▶ Data extract
== == ==

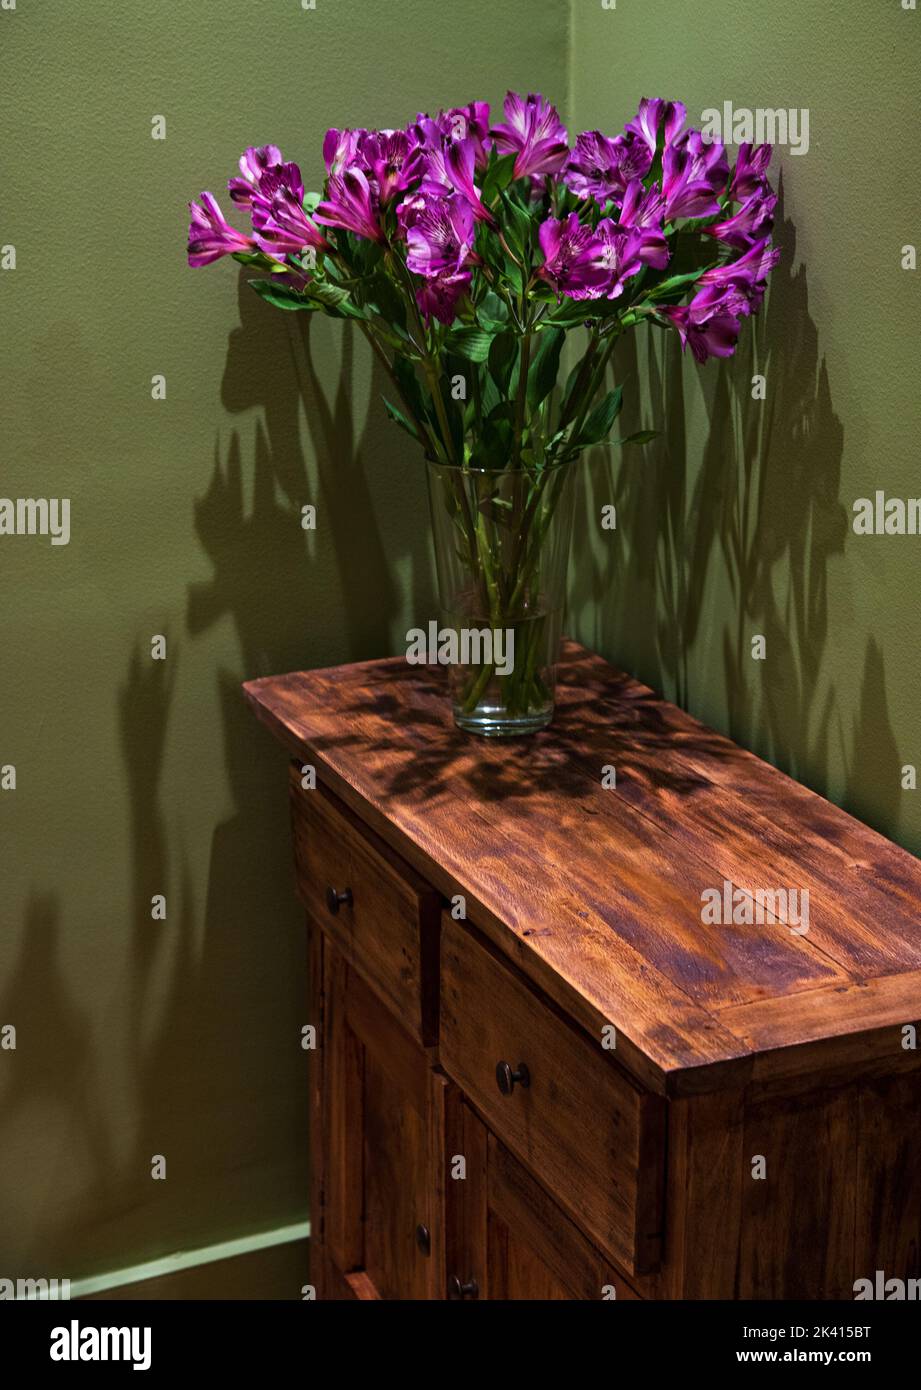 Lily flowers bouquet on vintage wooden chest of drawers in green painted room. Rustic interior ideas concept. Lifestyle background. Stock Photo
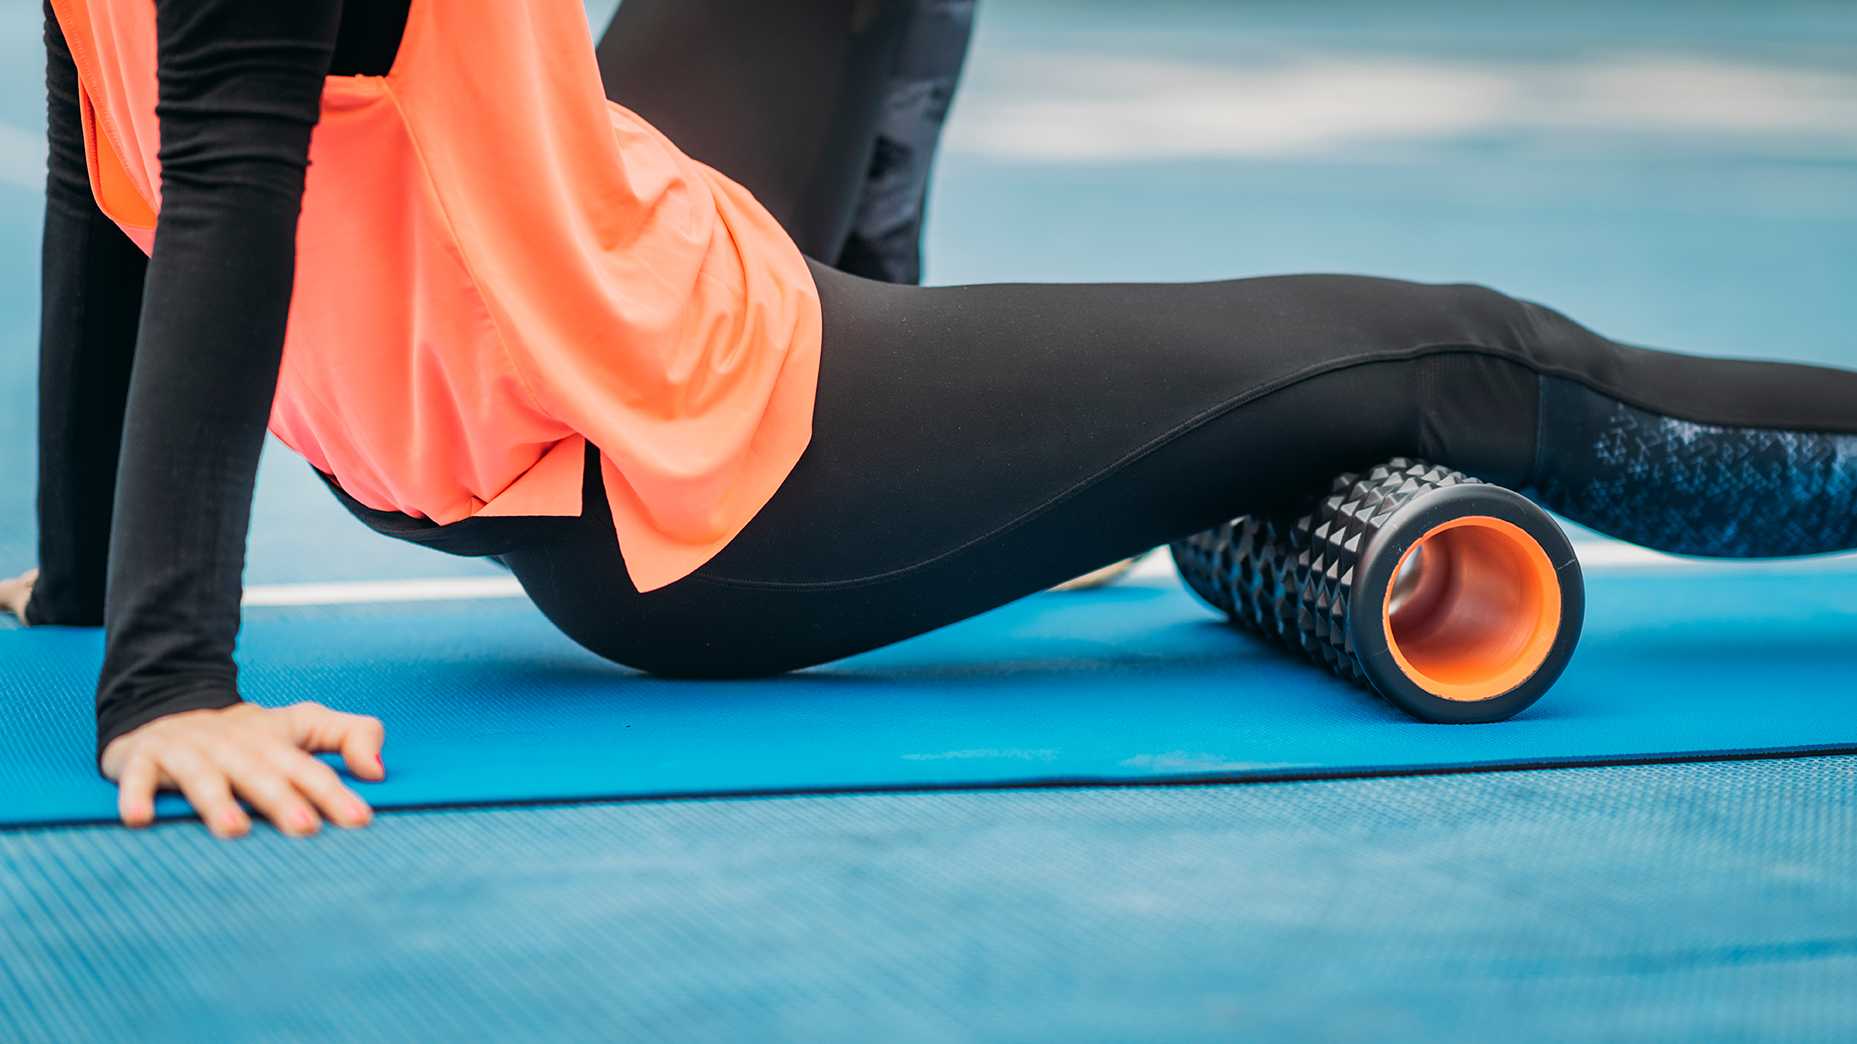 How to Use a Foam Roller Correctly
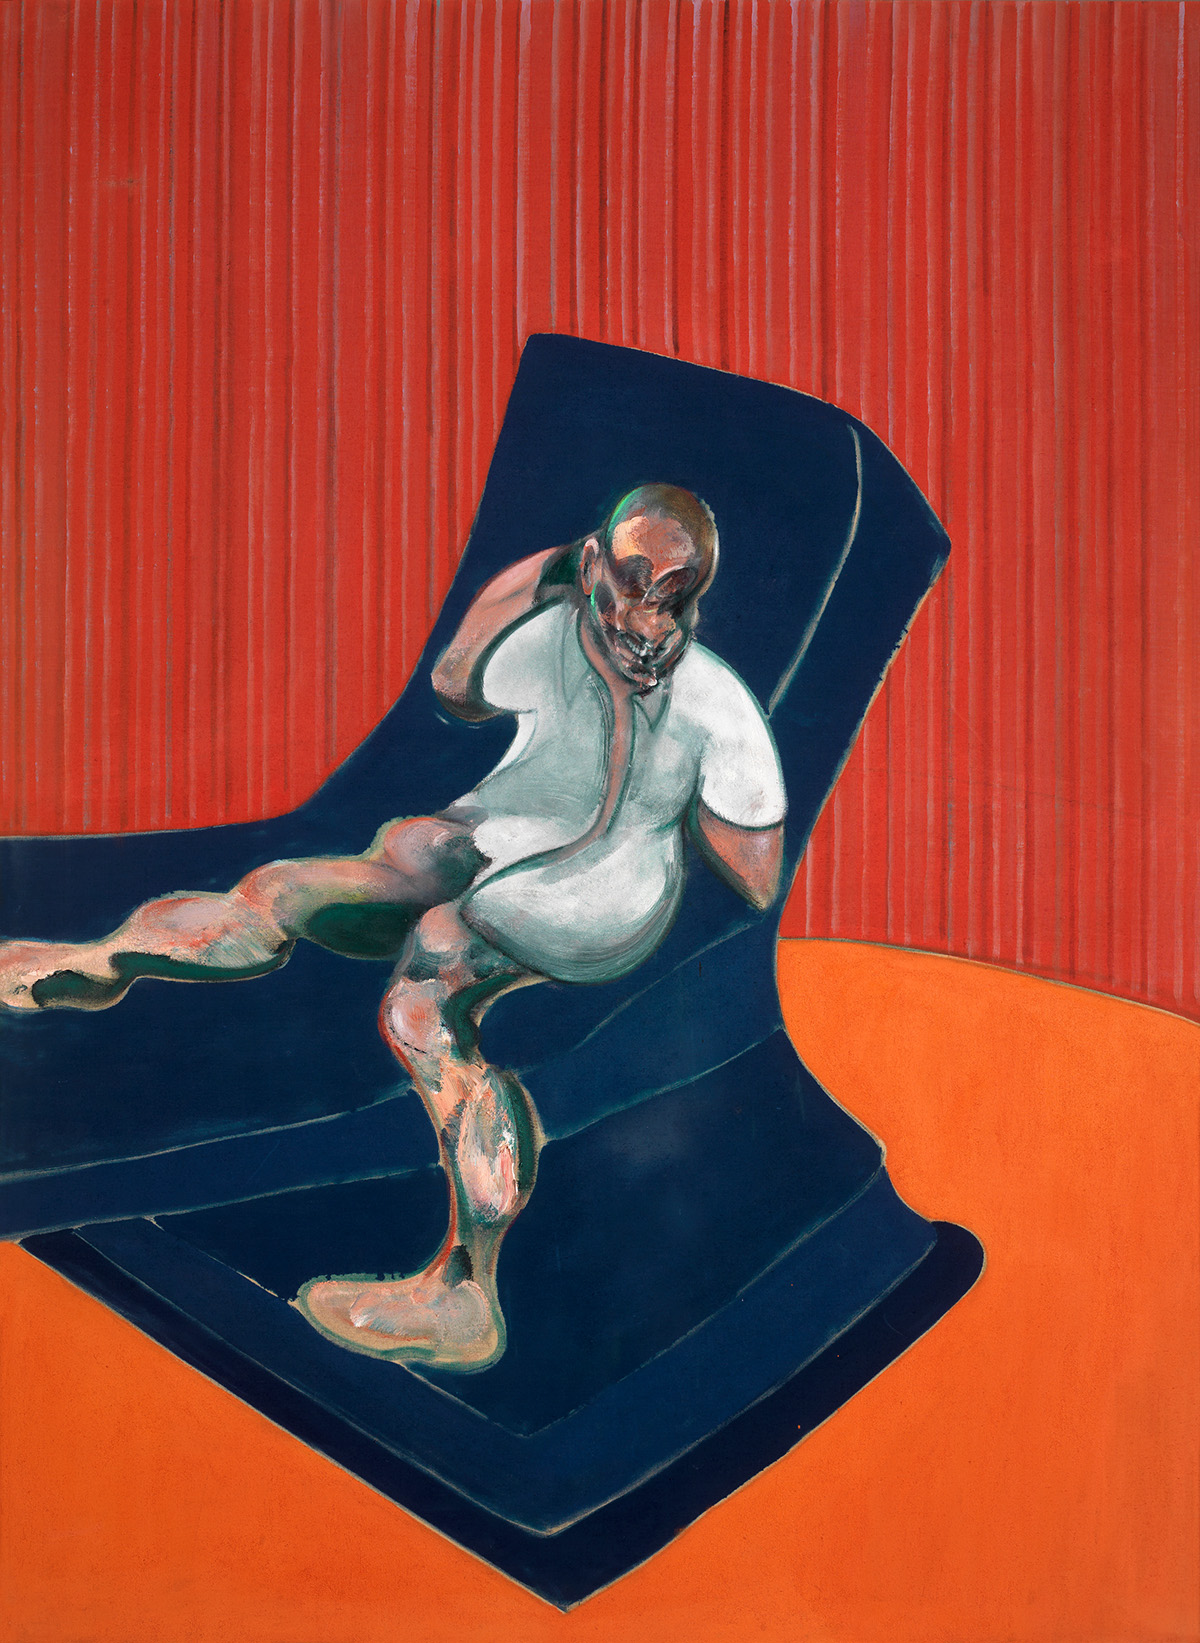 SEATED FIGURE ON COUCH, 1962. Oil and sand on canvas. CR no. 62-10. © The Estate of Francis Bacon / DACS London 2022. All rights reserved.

== == ==

▶ Exercise prompt
Could you print the whole listing again, exactly, leaving the pictures out?

▶ Answer to this exercise
 Lily flowers bouquet on vintage wooden chest of drawers in green painted room. Rustic interior ideas concept. Lifestyle background. Stock Photo
 How to Use a Foam Roller Correctly
 SEATED FIGURE ON COUCH, 1962. Oil and sand on canvas. CR no. 62-10. © The Estate of Francis Bacon / DACS London 2022. All rights reserved.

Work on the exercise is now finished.